Home News News World

LGBT Australians celebrate as PM Tony Abbott deposed

By Nick Bond

Australia has a new Prime Minister, with Malcolm Turnbull successfully challenging Tony Abbott for the role of leader of the country’s Liberal party.

The former communications minister won the partyroom ballot 54-44.

CO2pqA_UsAABYPR

It marks another chapter in Australia’s turbulent political cycle, as the third time since 2010 that a sitting Prime Minister has been deposed, not by the public, but by a vote from their own party.

While Abbott was elected Prime Minister via a landslide win over former PM Kevin Rudd in 2013, his fortunes have wavered ever since, as voters have expressed disappointment over his handling of many issues – including his continued lack of support for same-sex marriage.

Abbott will now go down in history as one of the shortest-serving Liberal Prime Ministers in Australian history, with one year and 361 days in the job – just ahead of Harold Holt, who drowned while Prime Minister in 1967.

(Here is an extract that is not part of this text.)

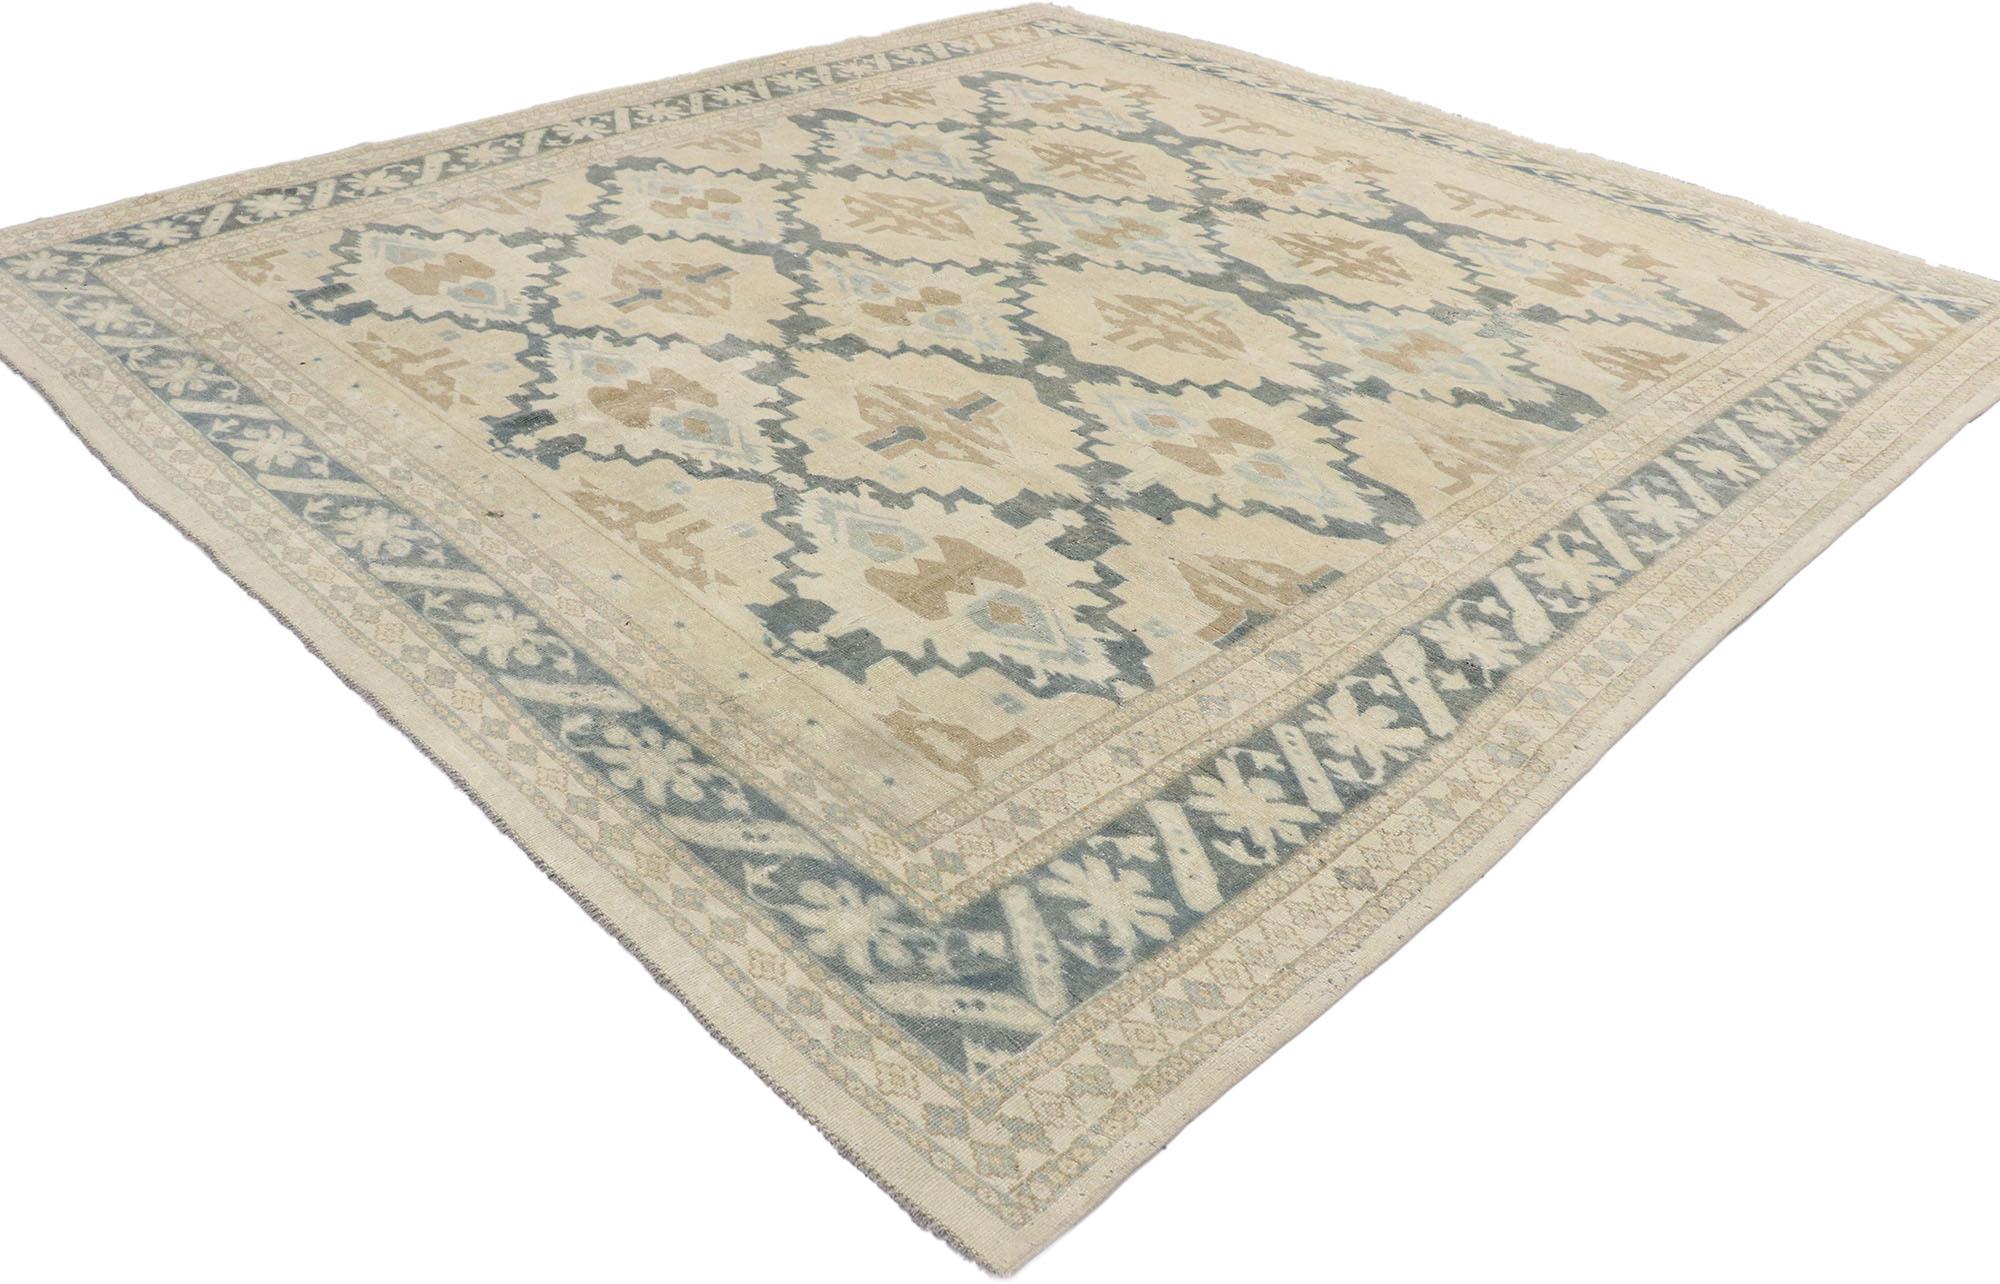 53243 distressed vintage Turkish Oushak rug with Coastal Arts & Crafts style. This hand knotted wool distressed vintage Turkish Oushak rug features an all-over pattern of offset rows of large geometricized open blossoms spread across an abrashed

In what must be a bitter pill for the departing PM to swallow, it’s being reported that to qualify for the AU$600,000 per year pension allotted to former Australian Prime Ministers – as well as the flights, superannuation, travel and other lifelong perks that come along with that – a PM has to serve for at least two years. Abbott missed that milestone by less than a week.

LGBT Australians have taken to social media and the streets today to celebrate, with thousands joining a ‘Bye Bye Tony Abbott’ event set up on Facebook, planned as a street celebration in the heart of Sydney’s gay Oxford Street strip.

New Prime Minister Malcolm Turnbull addresses the media.

But while new Prime Minister Malcolm Turnbull is a more moderate conservative with a history of support for marriage equality, it may not be good news for those expecting him to instantly reverse Abbott’s party line against the issue.

Sources close to Turnbull have told the Star Observer that at this stage, he would stick with the “party position on a plebiscite on marriage equality” should he be successful in taking the top job from Abbott.

In a press conference after the spill, Turnbull did say that under his leadership, the party would undergo a culture change: “There are few things more important in any organisation than its culture. The culture of our leadership is going to be one that is thoroughly consultative, a traditional, thoroughly traditional cabinet government that ensures that we make decisions in a collaborative manner.”

“The Prime Minister of Australia is not a president. The Prime Minister is the first among equals.”